** About this task **
The reply is a verbatim copy of the listing below with its images dropped.

** Supplied material **
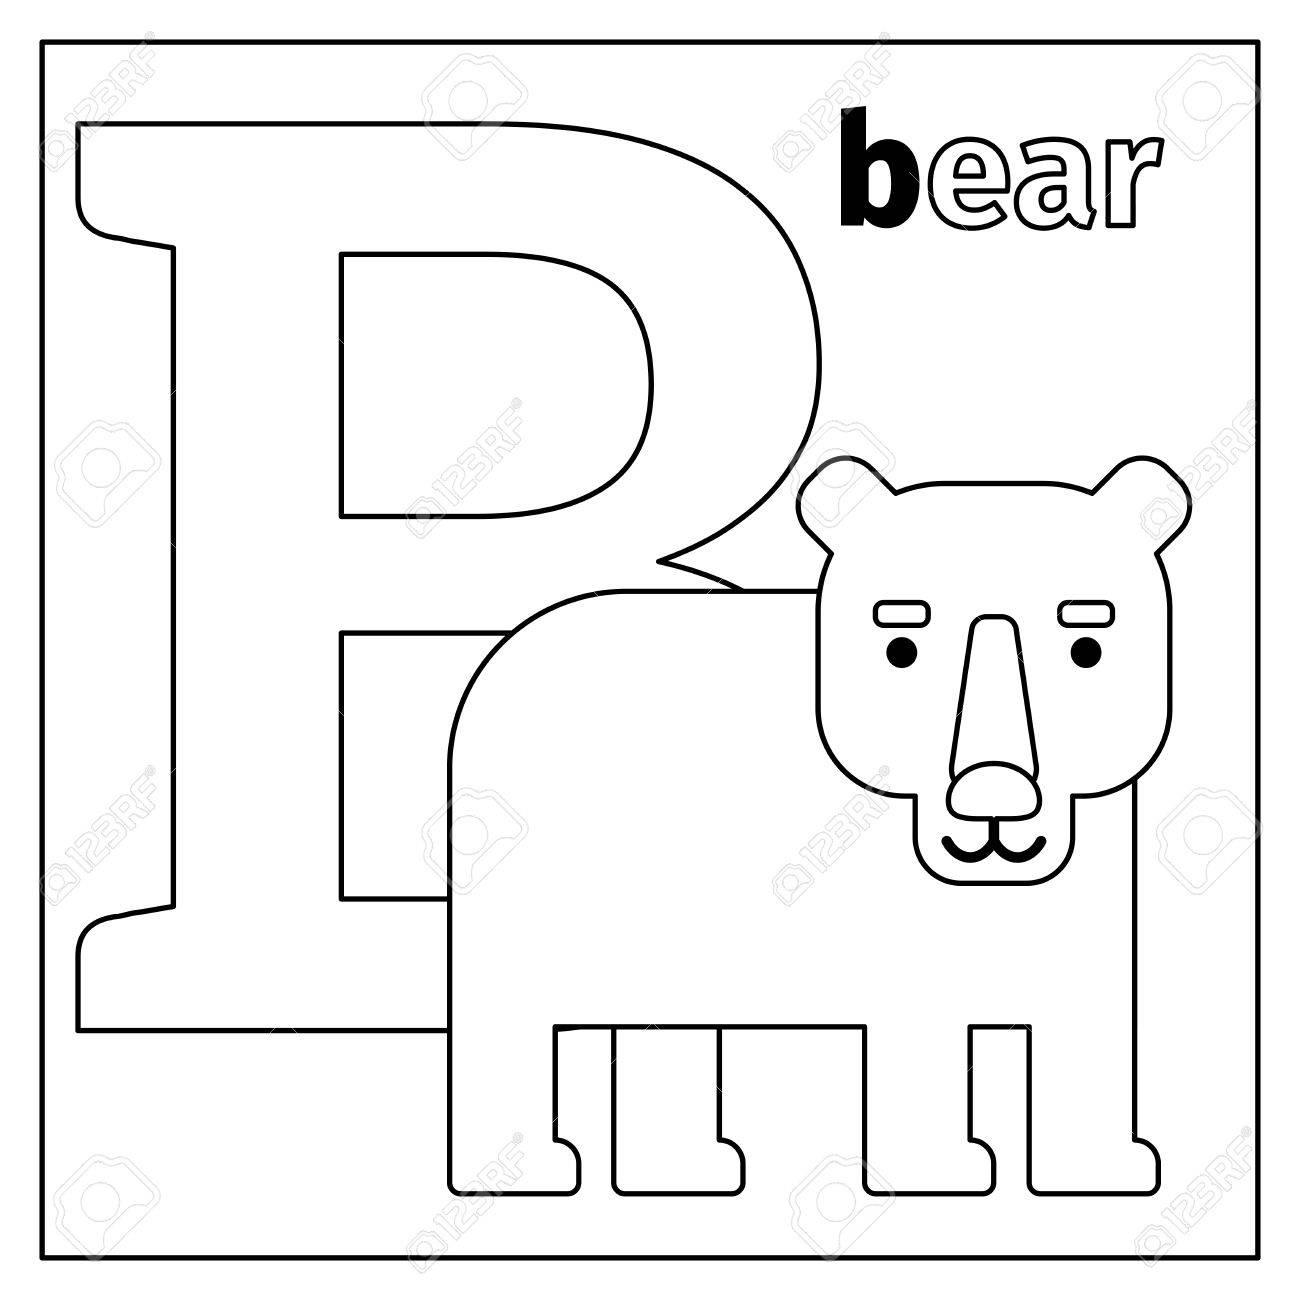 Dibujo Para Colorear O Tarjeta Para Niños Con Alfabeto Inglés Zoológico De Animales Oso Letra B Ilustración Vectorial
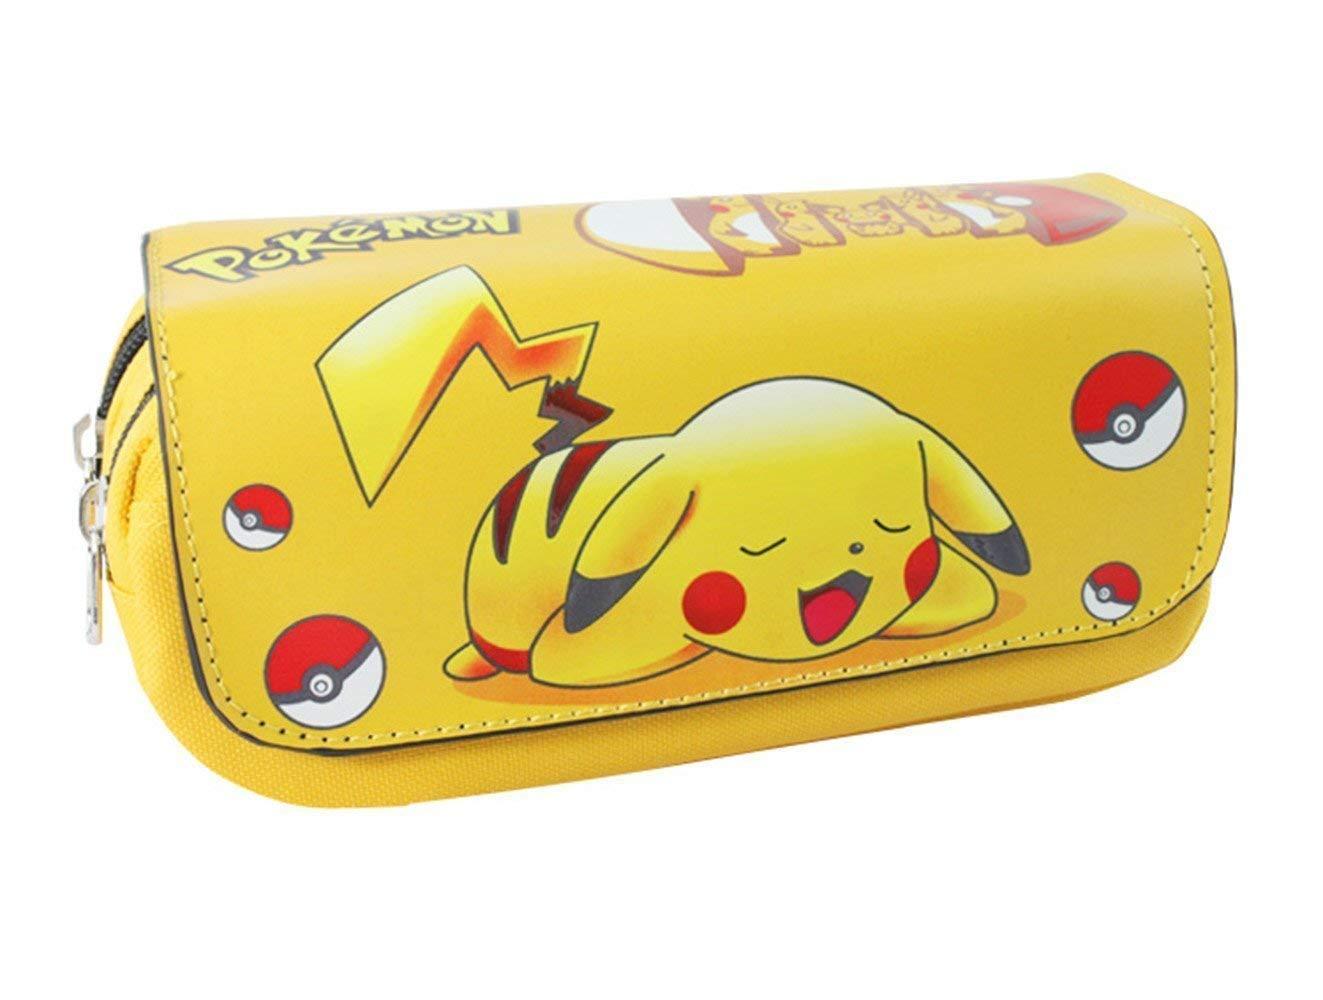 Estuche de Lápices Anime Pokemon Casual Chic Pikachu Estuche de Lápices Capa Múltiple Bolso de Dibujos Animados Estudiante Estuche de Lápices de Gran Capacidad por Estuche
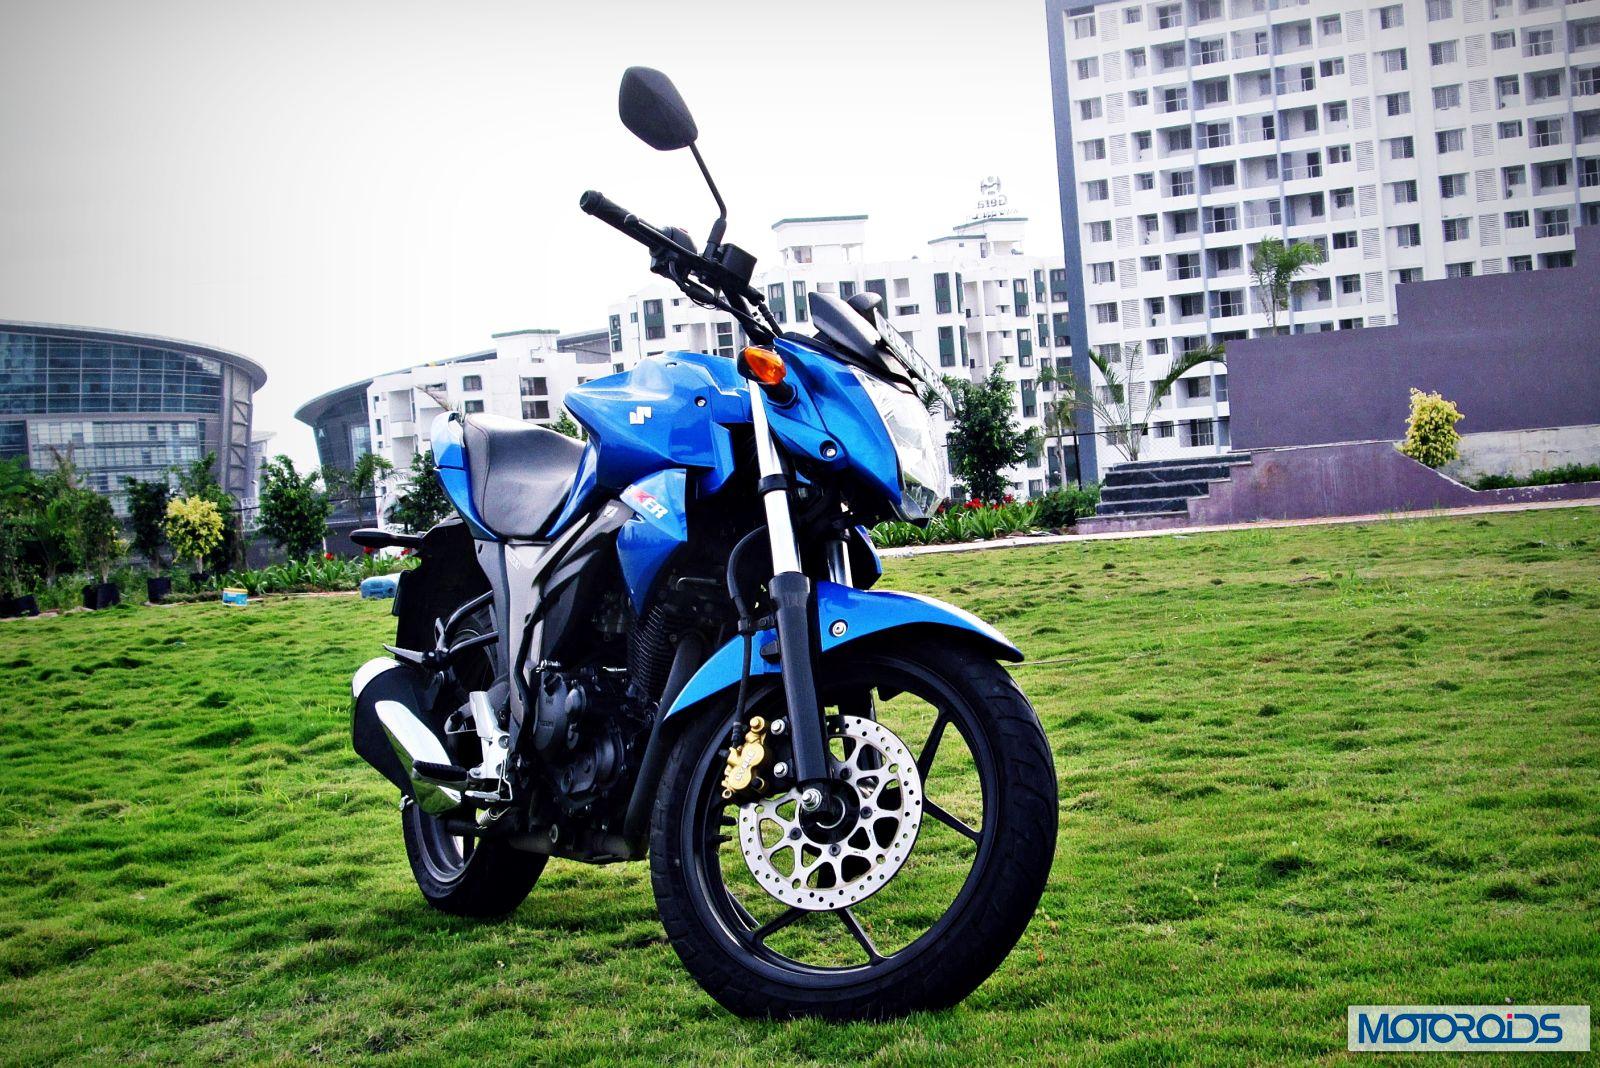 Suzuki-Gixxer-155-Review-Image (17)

** Response to the task **
 Dibujo Para Colorear O Tarjeta Para Niños Con Alfabeto Inglés Zoológico De Animales Oso Letra B Ilustración Vectorial
 Estuche de Lápices Anime Pokemon Casual Chic Pikachu Estuche de Lápices Capa Múltiple Bolso de Dibujos Animados Estudiante Estuche de Lápices de Gran Capacidad por Estuche
 Suzuki-Gixxer-155-Review-Image (17)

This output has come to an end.